Skins series 2 in review

If you're a fan of "Skins," you probably noticed the lack of posts after the second season premiere. What happened was, I got several episodes behind, and would always get a few sentences into a multi-ep review post before I got sidetracked. Eventually, I decided to just wait until the season was over, especially since so many of the commenters were people who had seen the whole thing ahead of me. So, after the jump, some general thoughts on the final storylines for Tony, Sid, Chris and company...

I'd heard and read so many vague but ominous warnings about the direction of series 2 that my expectations were sufficiently lowered for me to enjoy most of it. But I can see where the complaints were coming from, as the show takes a turn into much more adult territory.

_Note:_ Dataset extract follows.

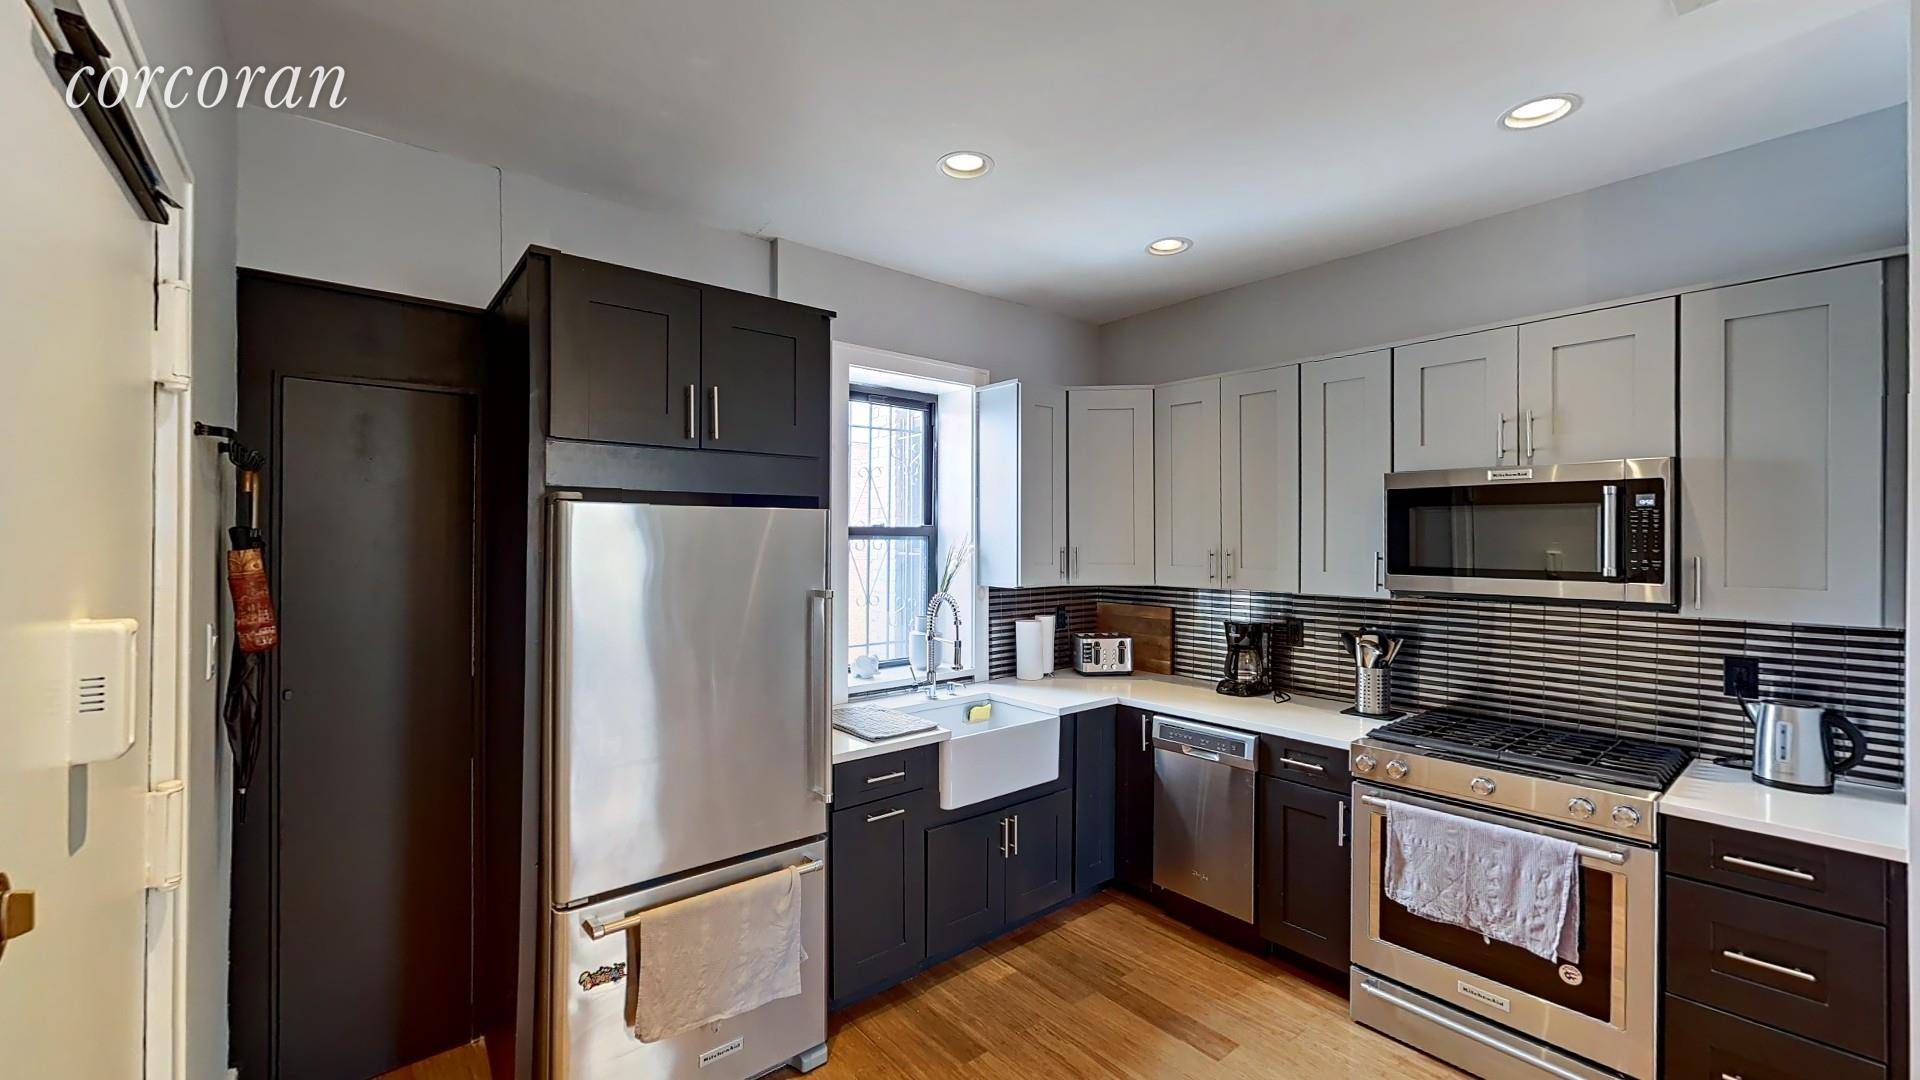 Three large bedrooms, two modern bathrooms, W D in unit, hardwood floors, open kitchen with quartz counters, dishwasher and stainless appliances, tiled backsplash.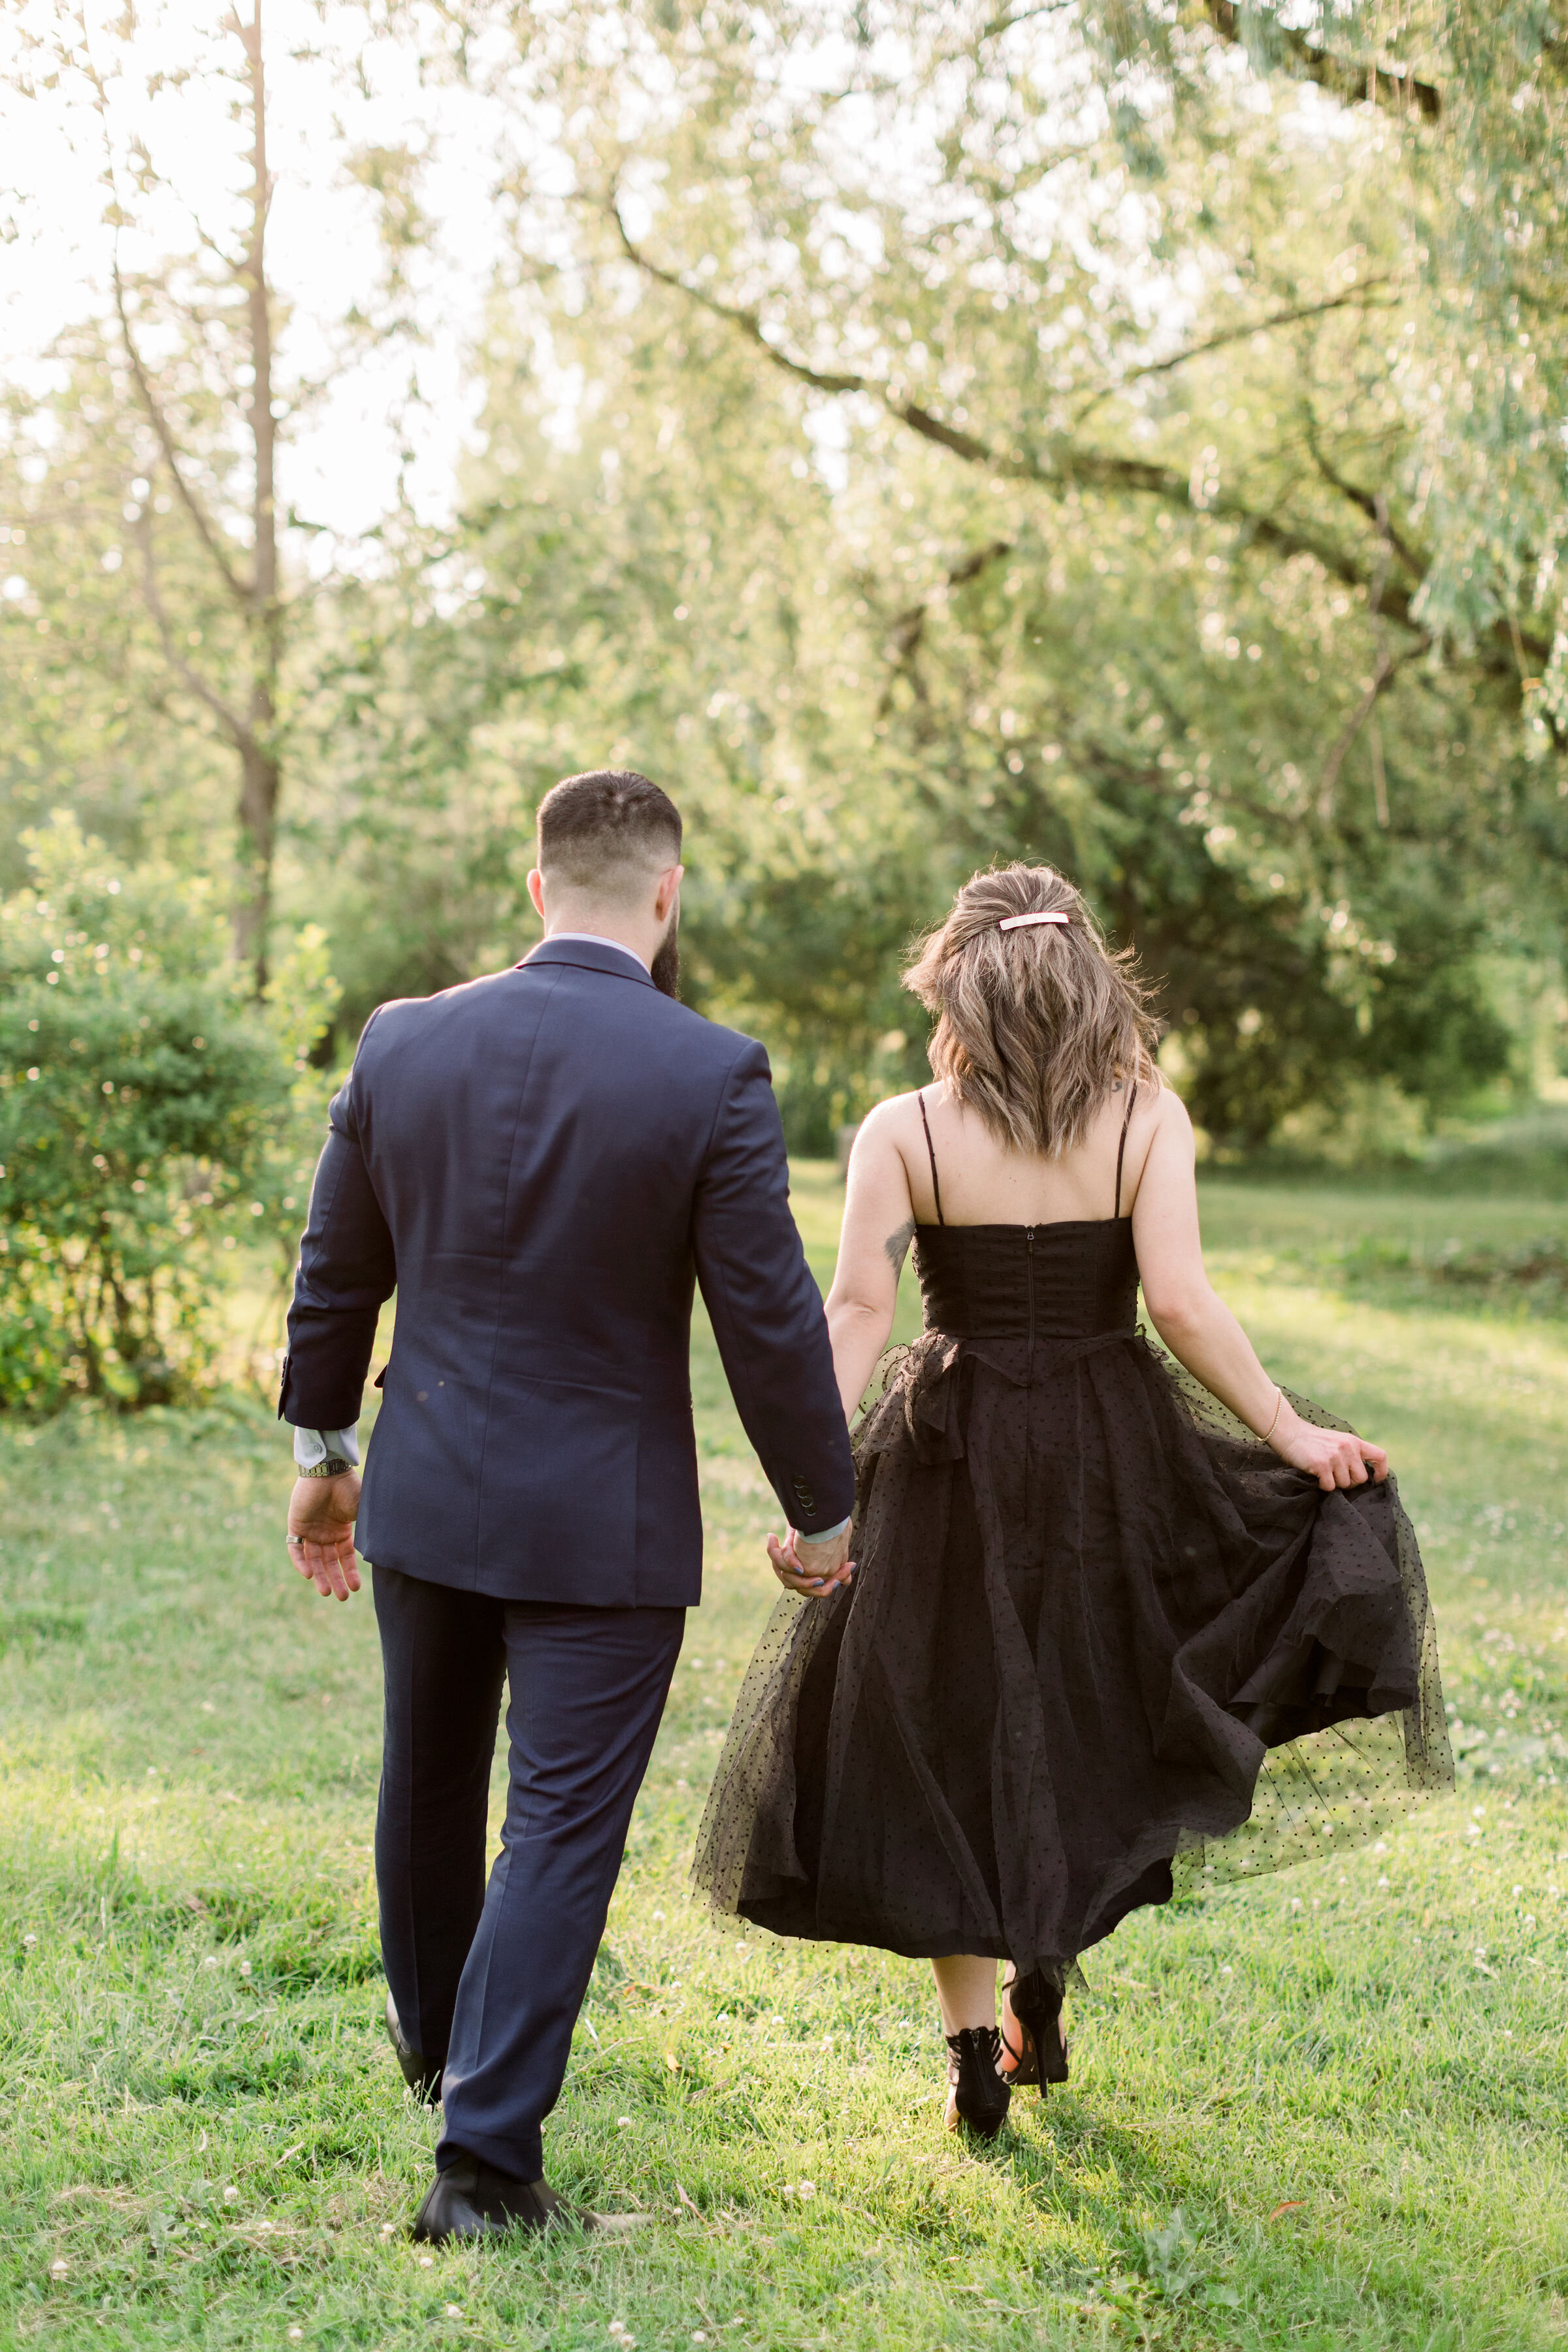  While walking through a shaded grassy park, Ottawa, Ontario photographer, Chelsea Mason Photography captures this formally dressed engaged couple holding hands. engaged couple holding hands formal black tie engagement photos womens black tea length

That's not "adult" as in "adult content -- how much more adult could "Skins" get after the sexcapades of the first series? -- but as in the characters all started acting like adults. Parents either died, ran off, or proved themselves so oblivious that most of the kids had to grow up in a hurry and fend for themselves.

Between the abandonment issues, several tragedies (particularly the death of Chris) and the introduction of the very troubled Sketch (whose brief imprisonment of her ill mother saw the show veering into Stephen King territory), this was a much bleaker series than the first, with the carefree moments far less frequent and usually interrupted by another piece of bad news.

Now, there were times when all the misery felt like piling on -- the death of Sid's dad in particular triggered an "Oh, come on!" reaction -- but I thought it was all wonderfully played by the young ensemble. I thought Hannah Murray was especially great as this dark and bitter new incarnation of Cassie, and Joe Dempsie and Larissa Wilson made Chris and Jal's attempts to play house seem somehow fitting in this world.

But I'm glad that the producers chose to do two years and out with these characters, and to re-set with a new batch of kids a few years younger, using Tony's sister Effy as the bridge point. We all know how much trouble American teen dramas run into after the characters go off to college, and the change in tone and substance in "Skins" series 2 suggests that the writers were running out of material for this gang. Better to remember them as they were, for the most part, then to see them hang around past the point of being interesting.

What did everybody else think? And are you looking forward to the new Effy-centric incarnation of the show?